André Kostolany
André Kostolany Bartholomew (* 9. February 1906 in Budapest , Austria-Hungary as Endre Kosztolányi; † 14. September 1999 in Paris ) was a stock exchange and as financial expert and as a speculator occurring journalist , writer and entertainer with Hungarian origins and American Citizenship.
Life
Kostolany was born on February 9, 1906 as the fourth child of a wealthy Jewish industrial family in Budapest. Kostolany's father was an industrialist and produced spirits ( bitters ), which were sold under the name Hercules . His father exported this to America in large quantities before the First World War. The company had existed since 1830. Kostolany described the household in which he grew up as "very wealthy". In addition to the servants, an Austrian governess , a Germanist, was employed in the household, who was responsible for his upbringing during the Austro-Hungarian monarchy .
He was baptized a Roman Catholic. With the intention of becoming an art critic , he studied philosophy and art history , but then, at his father's request, completed an apprenticeship with his friend, French stockbroker Adrien Perquel, from the mid-1920s. In 1924, at the height of European inflation, he moved to Paris, where he gained his first experience as a stock market speculator. He successfully completed his traineeship and switched to Amerongen & Compagnie as a broker and consultant .
Escape to the USA
After the beginning of the Second World War , Kostolany fled to the USA via San Sebastian and Madrid in 1940, shortly before the German troops marched into Paris, because he was baptized Catholic but of Jewish origin. After receiving American citizenship, he took on the post of General Manager and President of the G. Ballai and Cie Financing Company in 1941 , which he held until 1950. At the same time he was the main shareholder there .
Return to Europe
A few years after the end of the war he returned to Paris . Here he met his future wife, Françoise Russell, whom he married at the age of 58. He set up secondary residences in Munich and on the Côte d'Azur . He described himself as a committed Hungarian patriot.
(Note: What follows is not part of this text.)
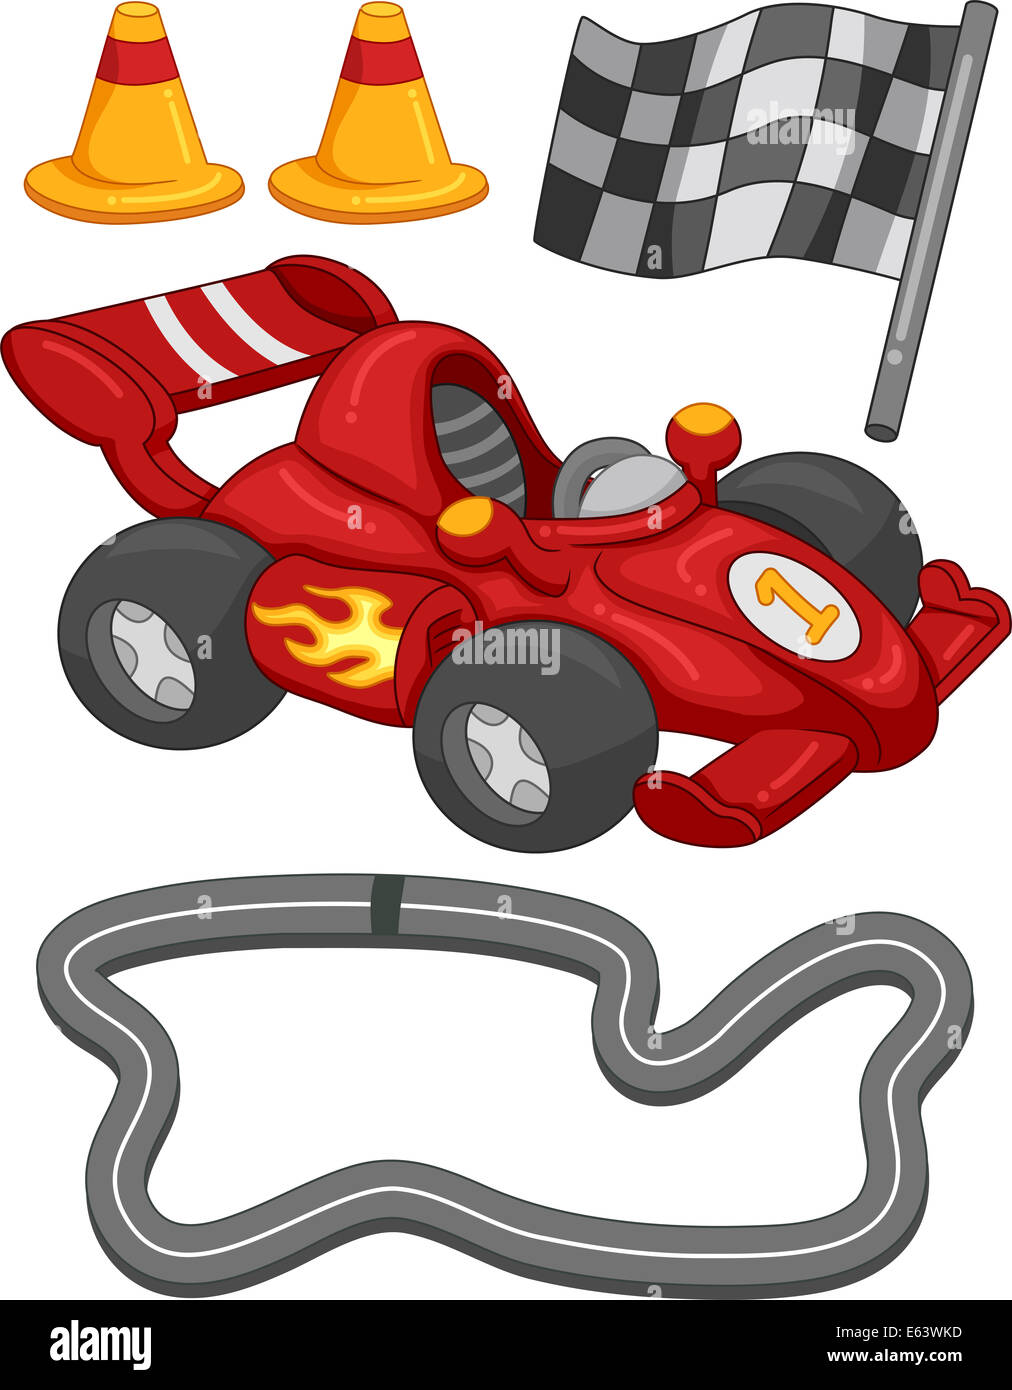 Illustration Featuring Different Race Car Elements Stock Photo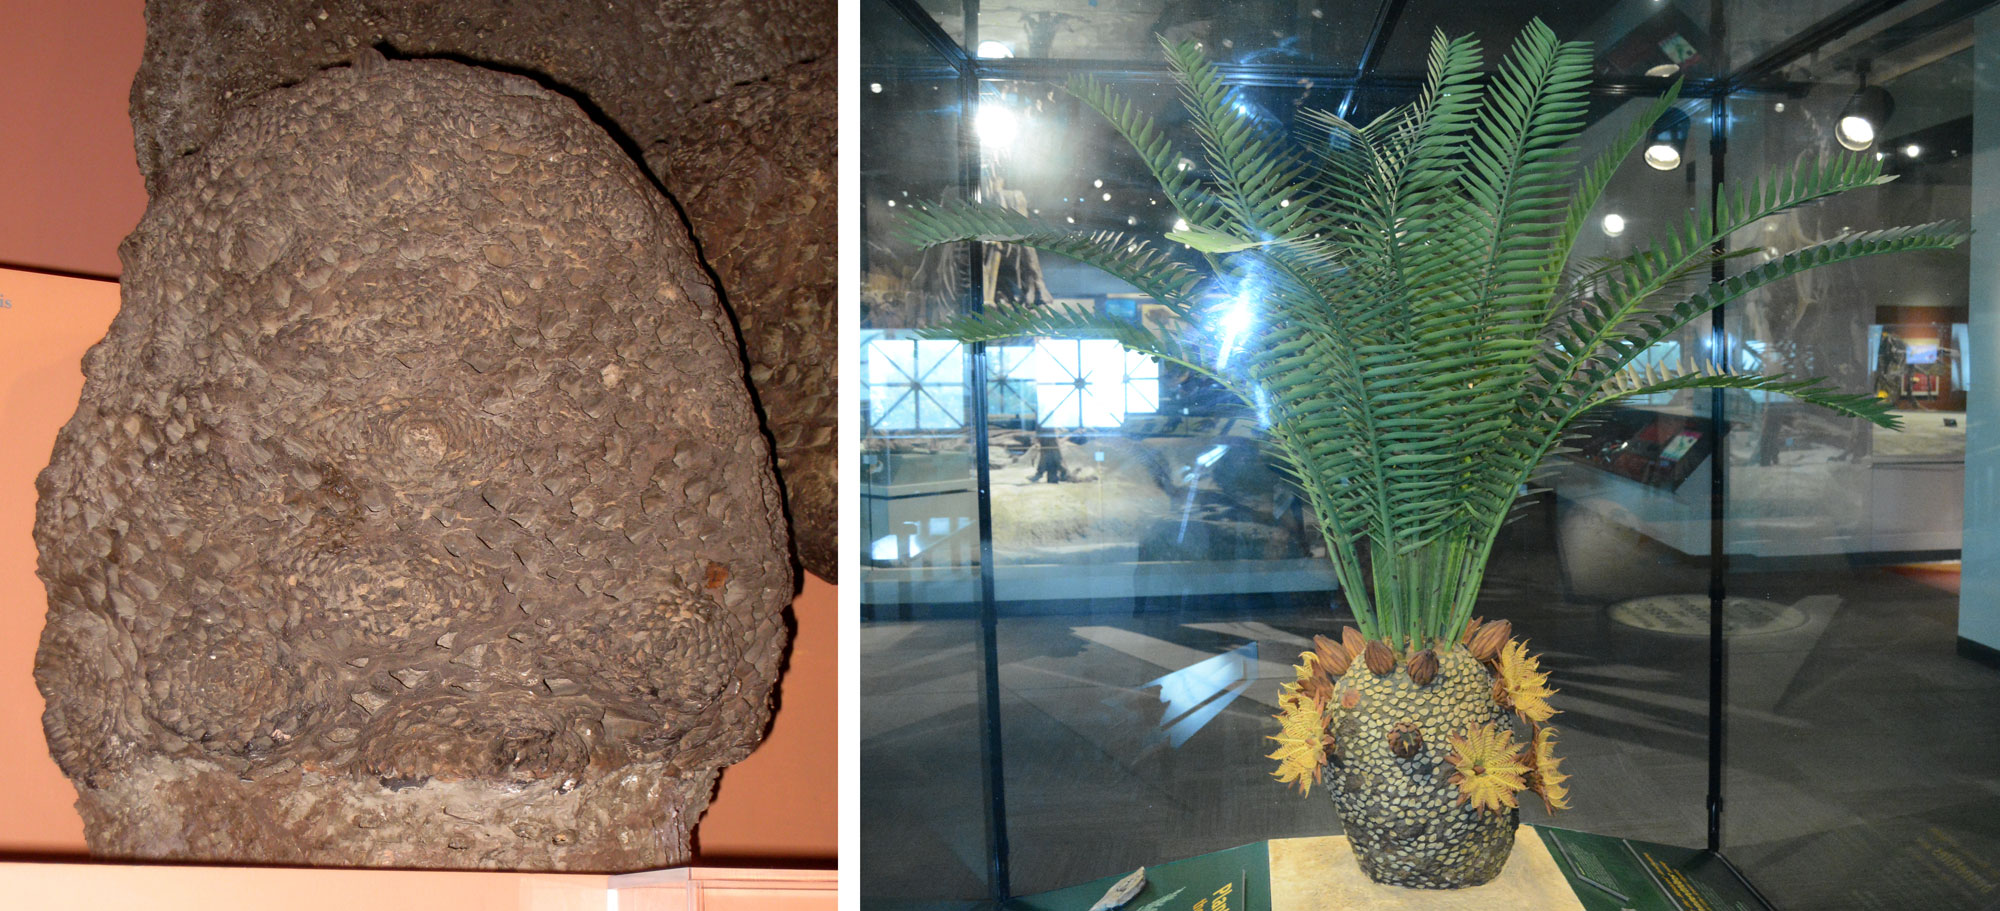 2-Panel image made up of photographs of cycadeoids. Panel 1: Photo of a specimen of Cycadeoidea dacotensis from the Early Cretaceous of South Dakota on display in a museum. The specimen is a single petrified trunk. The trunk is short, thick, and rounded at the top. It is covered with diamond-shaped leaf bases that are helically arranged. Panel 2: Model of a living cycadeoid on display in a museum. The living plant and a short, thick stem with a cluster of pinnately compound leaves growing from the top. On the sides of the trunk are flower-like open cones and somewhat conical closed cones.

Book author and journalist
Kostolany acquired the status of a stock market guru through his numerous books, columns, lectures and seminars on the stock market. He wrote a total of 13 books that have been translated into eight languages and sold around three million times. He published 414 columns in the German financial magazine Capital . Kostolany is also known for its stock market wisdom, which is repeatedly quoted by stock market commentators.
In his bon mots and columns of the 1970s, he railed against the IOS “swindling funds” ; During the 1980s, he was a vocal critic of the gold lobby , warning of commodity , oil depreciation, and hedge fund scams . Kostolany launched his last “crusade”, which he led until his death, in the 1990s against the Neuer Markt and against the banks that sold guarantee funds to investors . In addition, in the 8/1996 issue of Capital magazine, he explained in detail why the guarantee funds were misleading investors.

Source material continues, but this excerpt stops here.